Work required: Using the data below, copy out all lines with the word "Cotton".

Material for this task:
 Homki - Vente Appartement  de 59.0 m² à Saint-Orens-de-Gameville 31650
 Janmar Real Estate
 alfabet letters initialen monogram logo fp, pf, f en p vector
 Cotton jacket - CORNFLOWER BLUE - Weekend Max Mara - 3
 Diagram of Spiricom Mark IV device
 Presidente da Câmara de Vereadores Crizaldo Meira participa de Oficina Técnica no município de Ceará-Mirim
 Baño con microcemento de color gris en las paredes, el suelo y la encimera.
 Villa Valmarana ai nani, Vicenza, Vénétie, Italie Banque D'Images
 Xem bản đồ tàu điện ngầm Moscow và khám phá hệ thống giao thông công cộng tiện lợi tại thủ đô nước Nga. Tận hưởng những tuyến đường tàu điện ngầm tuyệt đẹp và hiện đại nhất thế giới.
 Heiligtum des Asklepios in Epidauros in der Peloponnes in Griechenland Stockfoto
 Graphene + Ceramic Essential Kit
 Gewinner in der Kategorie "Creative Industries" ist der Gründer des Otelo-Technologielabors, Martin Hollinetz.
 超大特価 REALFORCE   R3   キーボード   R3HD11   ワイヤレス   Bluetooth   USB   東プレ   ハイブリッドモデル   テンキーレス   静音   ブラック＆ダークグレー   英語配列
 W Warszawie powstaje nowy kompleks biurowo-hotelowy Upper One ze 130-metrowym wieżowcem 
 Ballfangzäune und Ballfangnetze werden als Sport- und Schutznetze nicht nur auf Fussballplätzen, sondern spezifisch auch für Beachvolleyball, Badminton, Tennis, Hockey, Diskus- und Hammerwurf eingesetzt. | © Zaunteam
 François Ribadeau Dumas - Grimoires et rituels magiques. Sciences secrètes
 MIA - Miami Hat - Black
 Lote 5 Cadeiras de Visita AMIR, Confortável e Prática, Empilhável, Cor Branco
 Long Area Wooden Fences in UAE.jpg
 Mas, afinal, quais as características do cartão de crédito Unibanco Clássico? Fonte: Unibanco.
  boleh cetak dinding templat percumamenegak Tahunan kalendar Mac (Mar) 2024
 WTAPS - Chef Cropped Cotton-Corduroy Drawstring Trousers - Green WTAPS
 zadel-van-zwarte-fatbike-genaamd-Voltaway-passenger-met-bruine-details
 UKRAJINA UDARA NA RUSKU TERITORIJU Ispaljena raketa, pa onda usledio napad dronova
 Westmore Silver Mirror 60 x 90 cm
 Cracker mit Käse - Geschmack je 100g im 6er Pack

Expected answer:
 Cotton jacket - CORNFLOWER BLUE - Weekend Max Mara - 3
 WTAPS - Chef Cropped Cotton-Corduroy Drawstring Trousers - Green WTAPS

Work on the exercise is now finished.